2. Does ./reload.sh establish a completely new telnet environment? If someone had set
up a password for telnet would it survive or mess things up in any way? Are there any
other potential traps to watch out for?

3. What needs to be done about the fan / temperature control (if anything)?
(On my system the fan seemed to run on slow mode. I think the temperature might
have been a bit higher than normal, but I didn't fry anything checking 2 x 2TB in RAID1
with about 600GB of data - which took about 5-6 hours to the best of my recollection.)

The original documentation cites the following:

echo 150 >/sys/class/i2c-adapter/i2c-0/0-003e/pwm1
and read current speed with:
cat /sys/class/i2c-adapter/i2c-0/0-003e/fan1_input
(100 in pwm1 = 3150 rpm, 150 in pwm1 = 4650 rpm)
You can read the current temperature with:
cat /sys/class/i2c-adapter/i2c-0/0-0048/temp1_input

on my DNS323 under fun_plug v0.5 the path /sys/class doesn't exist

4. Does the command:

mdadm -A /dev/md0 /dev/sd[ab]2

need to be modified for any reason (i.e. What about JBOD / RAID0)?
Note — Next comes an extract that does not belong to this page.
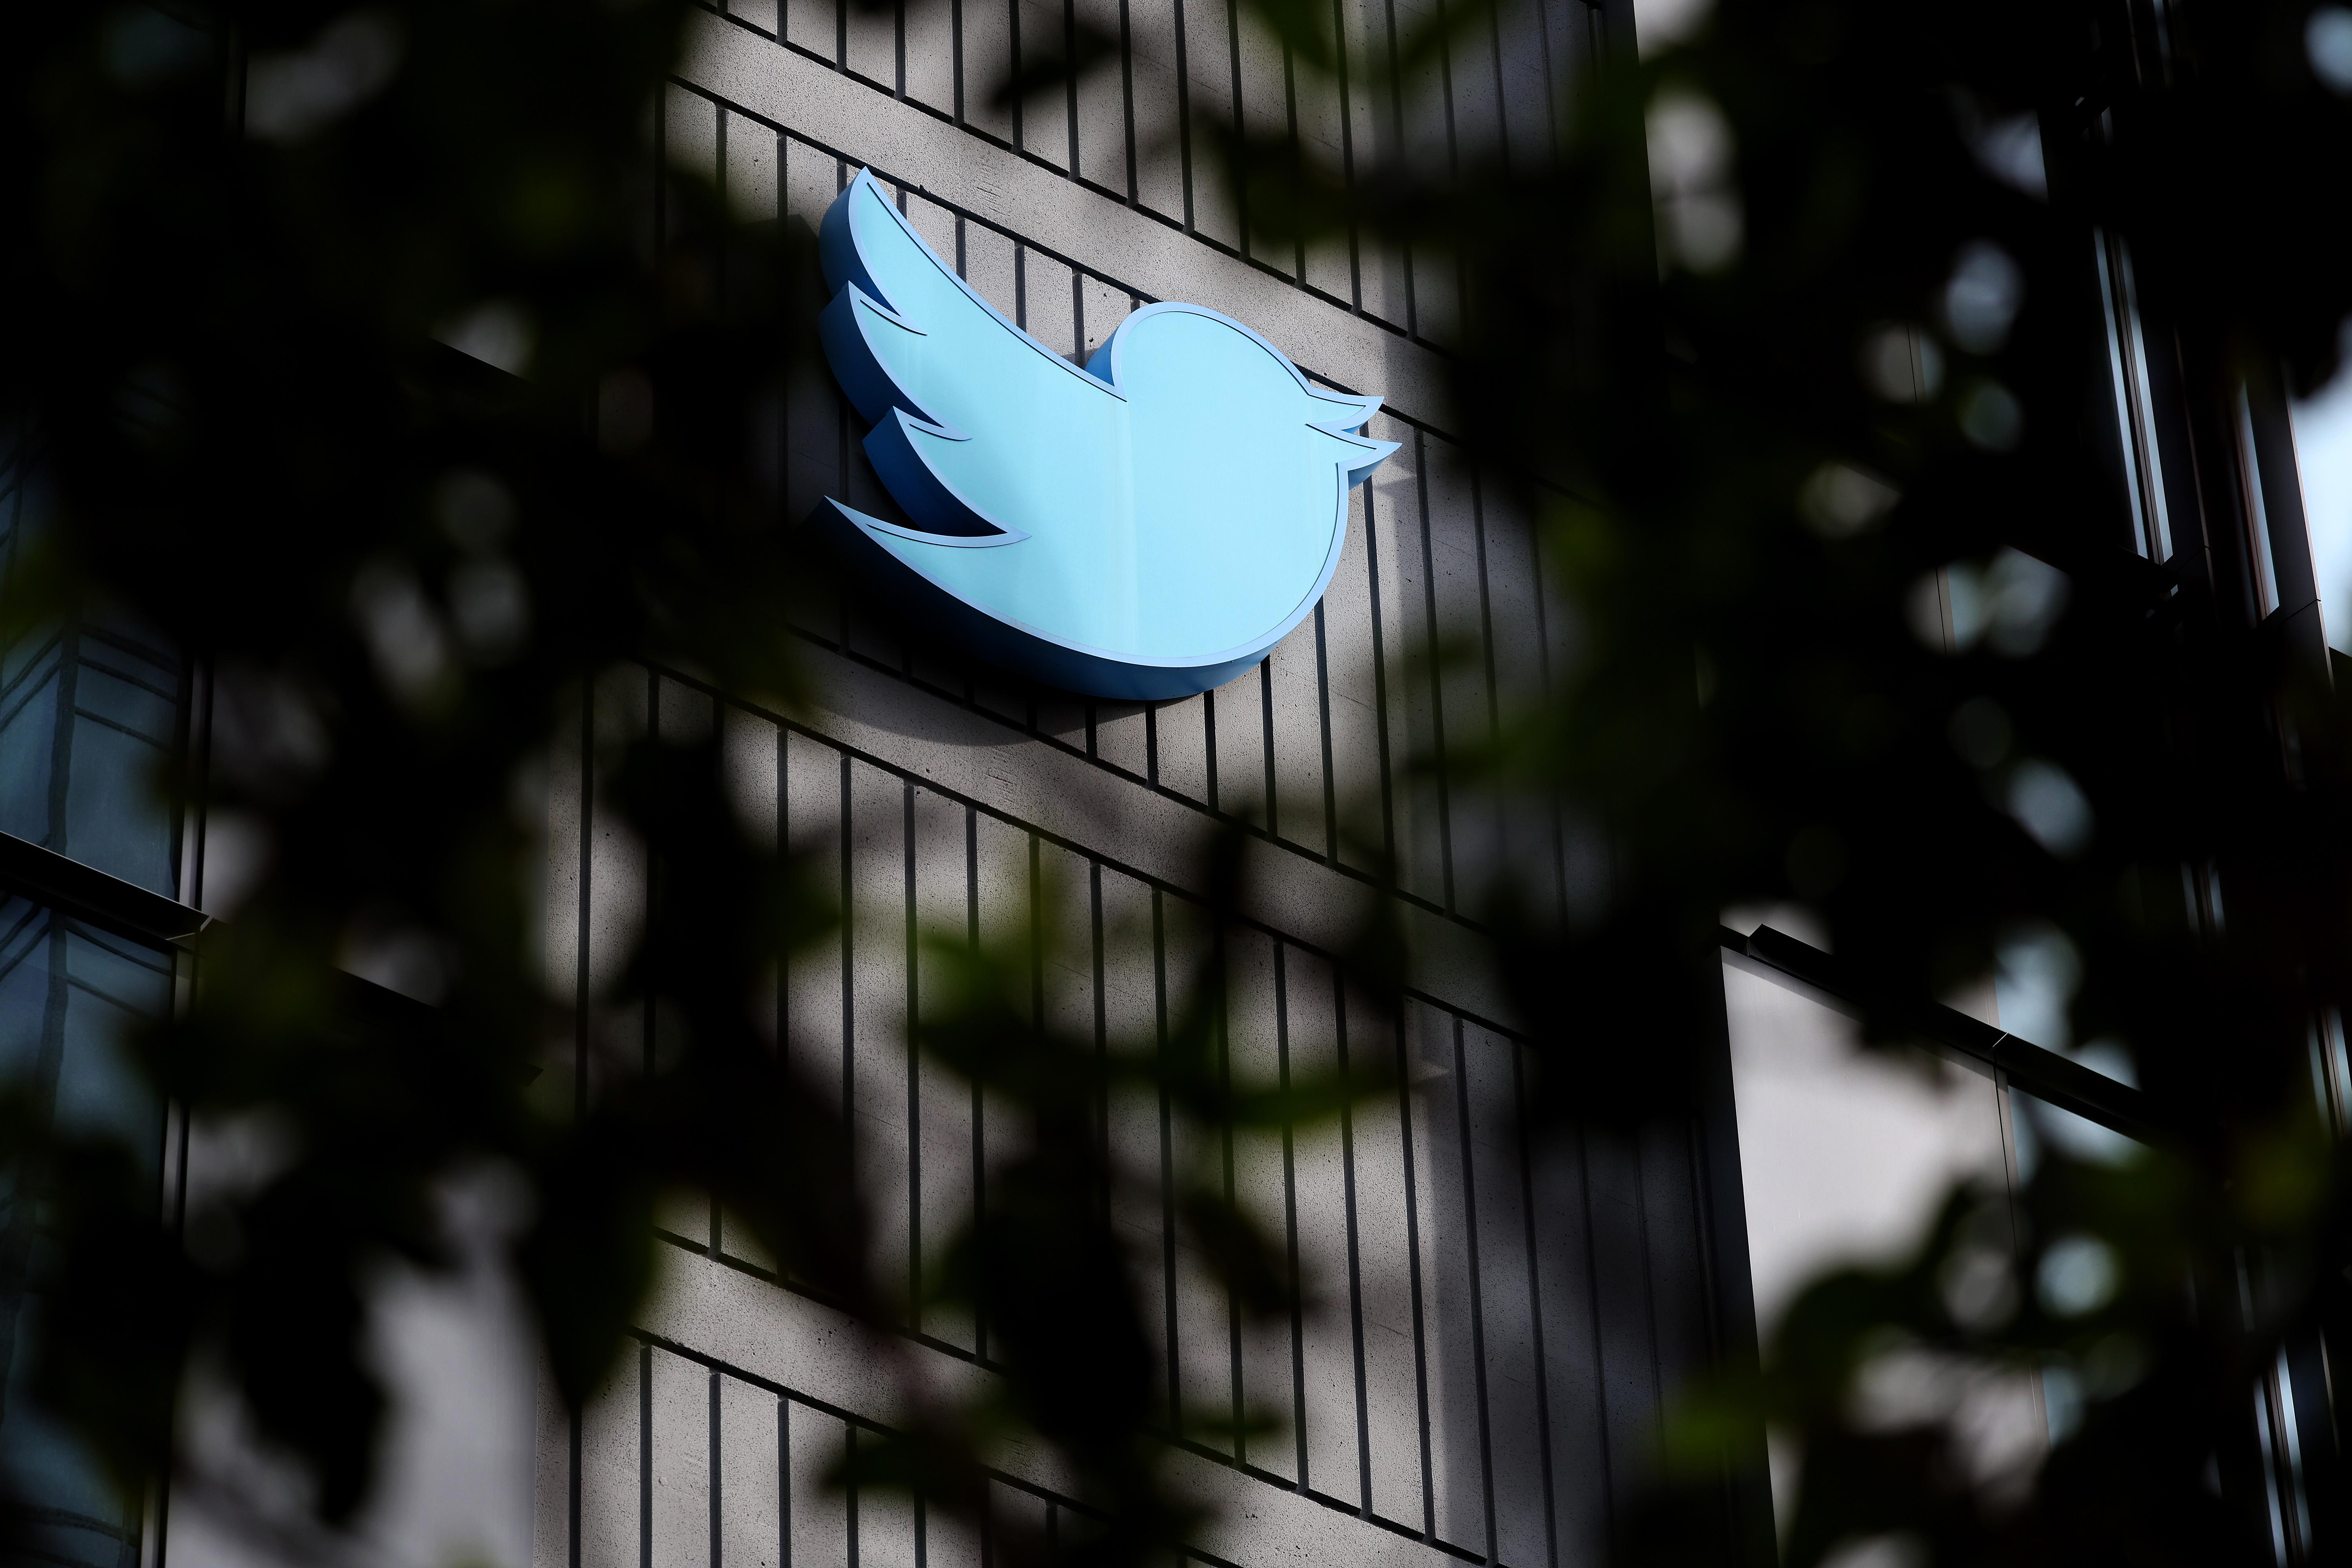 SAN FRANCISCO, CALIFORNIA - OCTOBER 2: The Twitter logo is posted on the exterior of Twitter headquarters on October 28, 2022 in San Francisco, California. Elon Musk closed the deal to purchase social media platform Twitter for $44 billion and has already fired several top executives. (Photo by Justin Sullivan/Getty Images)

(When I first saw the command: mdadm -A /dev/md0 /dev/sd[ab]2 I wasn't
sure if [ab]2 should be entered as is, or if it was shorthand for something.
For the benefit of the uninitiated, you can cut and paste in this
command exactly as is if your system is running RAID1.

5.Can someone with 2 separate disks please confirm part works???
>
>If you have configured 'two separate disks', you can now check
>filesystems with:
>
> e2fsck /dev/sda2
> e2fsck /dev/sdb2
>

6. What happens to /lost+found ?? I pressed y to create it. I assumed that I should
find a directory full of fragments (similar to what you get out of CHKDSK in windows/dos).
After rebooting, the only /lost+found I could see was under '/' and it existed before I ran
e2fsck and appeared to be empty. Why did I get "/lost+found not found. Create<y>?"
answer Y to the question, and then not find a lost+found directory on /dev/md0?
Does /lost+found not survive reboot?

7. What changes need to be made to the script so that the DNS323 will restart?
When I ran reboot as described in the procedure the system hung. The only way I could
get control back was to pull the plug for a few seconds and then switch back on.

================== Procedure for File System Repair

Code:

[--- Tested with FW 1.09 on HW Rev C - fun_plug v0.5 on 2011/03/14 ---]

Setup fun_plug and telnet or SSH into your DNS323: 
(See: http://dns323.kood.org/dsmg600/howto:fun_plug )

---- Install
  cd /ffp                                         (or /mnt/HD_a2)
  rsync -av inreto.de::dns323/fsck .

---- Change environment 
  cd /ffp/fsck                          (or /mnt/HD_a2/fsck)
  ./reload.sh

This will stop all processes and initiate a reboot. Your SSH or telnet
session is aborted.  The web interface and SSH are now dead so 
telnet is the only way to access your DNS323.   You will also find 
that the Hard Drive lights don't come on - they are not supported 
in this maintenance environment.

You should be able establish a new telnet session after 10-20 seconds. 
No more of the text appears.